Wow! Didn't know bicycles were 200 years old, even though it's a balance-bike.

I wonder if he invented it as a thing to support your weight while walking/running, but then later discovered that you can ride it by balancing? Because I mean, before the first bicycle, who would ever think that you could actually ride a contraption like a bicycle?


----------



## acer66 (Oct 13, 2010)

Whats with these first post accounts?


----------



## Wabatuckian (9 mo ago)

acer66 said:


> Whats with these first post accounts?


Well, that one is obviously spam, designed to get curious people clicking his signature link. Dunno how the mods missed it two years ago.


----------



## chazpat (Sep 23, 2006)

Wabatuckian said:


> Well, that one is obviously spam, designed to get curious people clicking his signature link. Dunno how the mods missed it two years ago.

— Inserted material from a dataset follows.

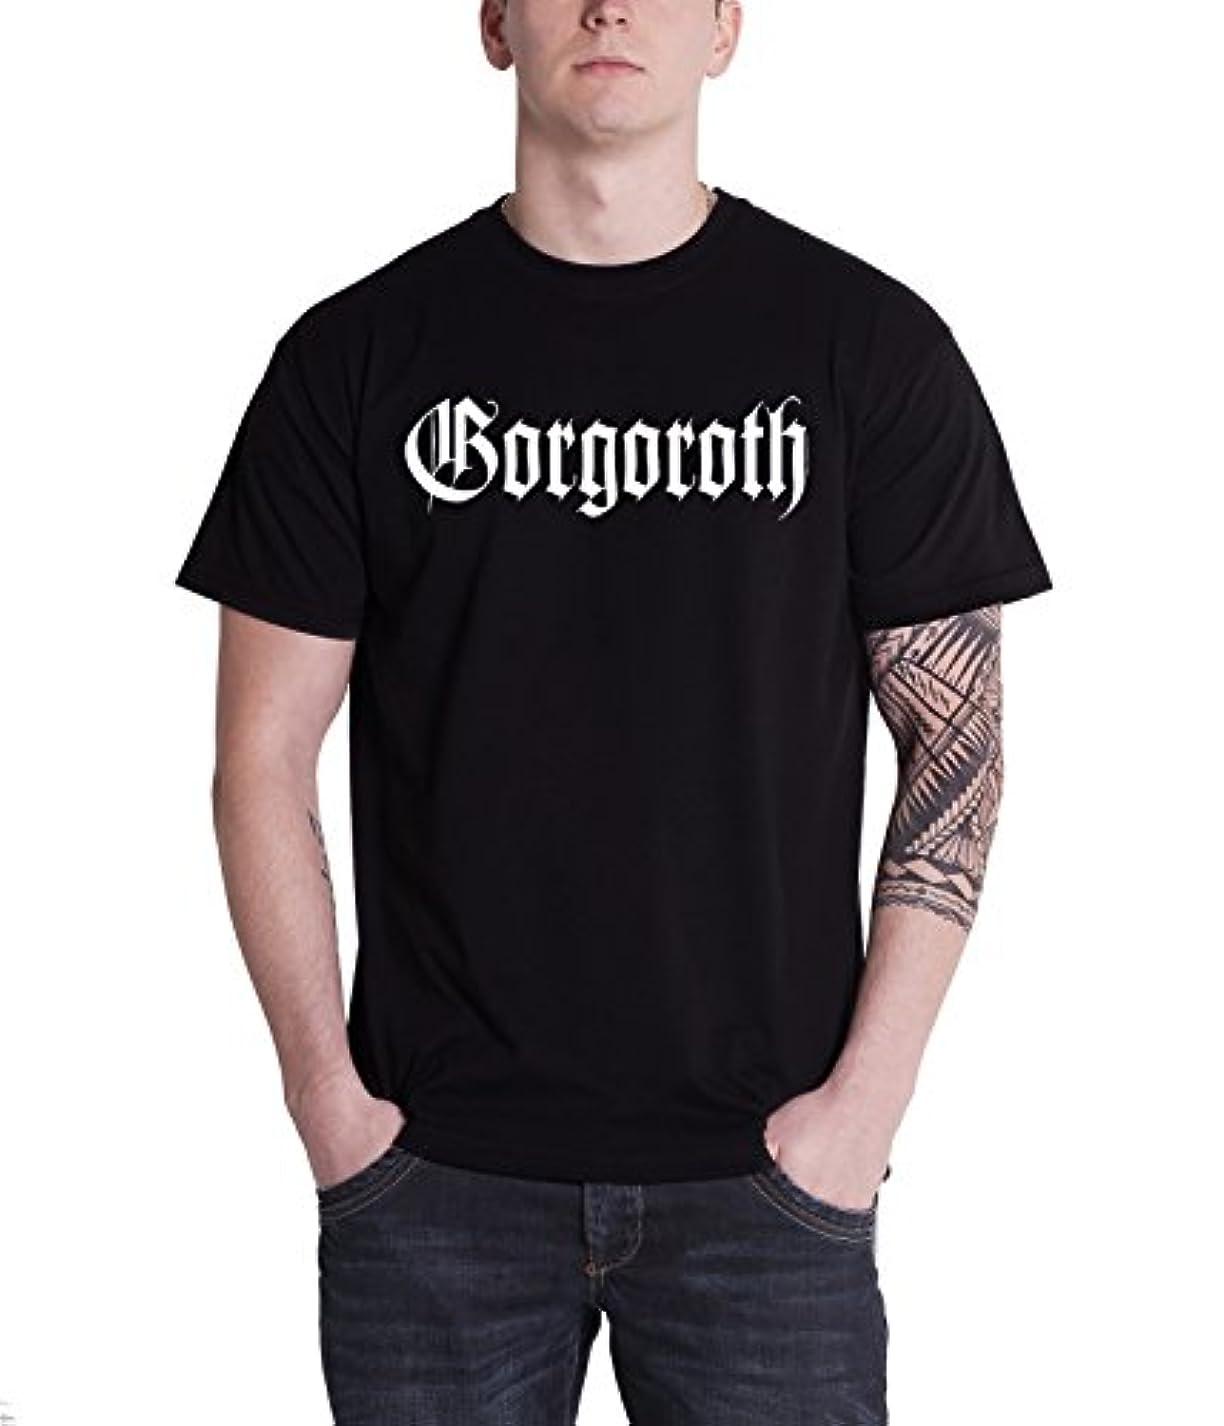 歴史的ねじれ女の子Gorgoroth T Shirt True Norwegian ブラック Metal Logo 公式 メンズ 新しい

There was an obvious spam post that dug up this thread just above acer's post but a mod deleted it and banned the poster.


----------



## chazpat (Sep 23, 2006)

So I guess tubeless was actually invented 200 years ago!


----------



## Wabatuckian (9 mo ago)

chazpat said:


> So I guess tubeless was actually invented 200 years ago!


My first bike was tubeless and bumpy as hell.


----------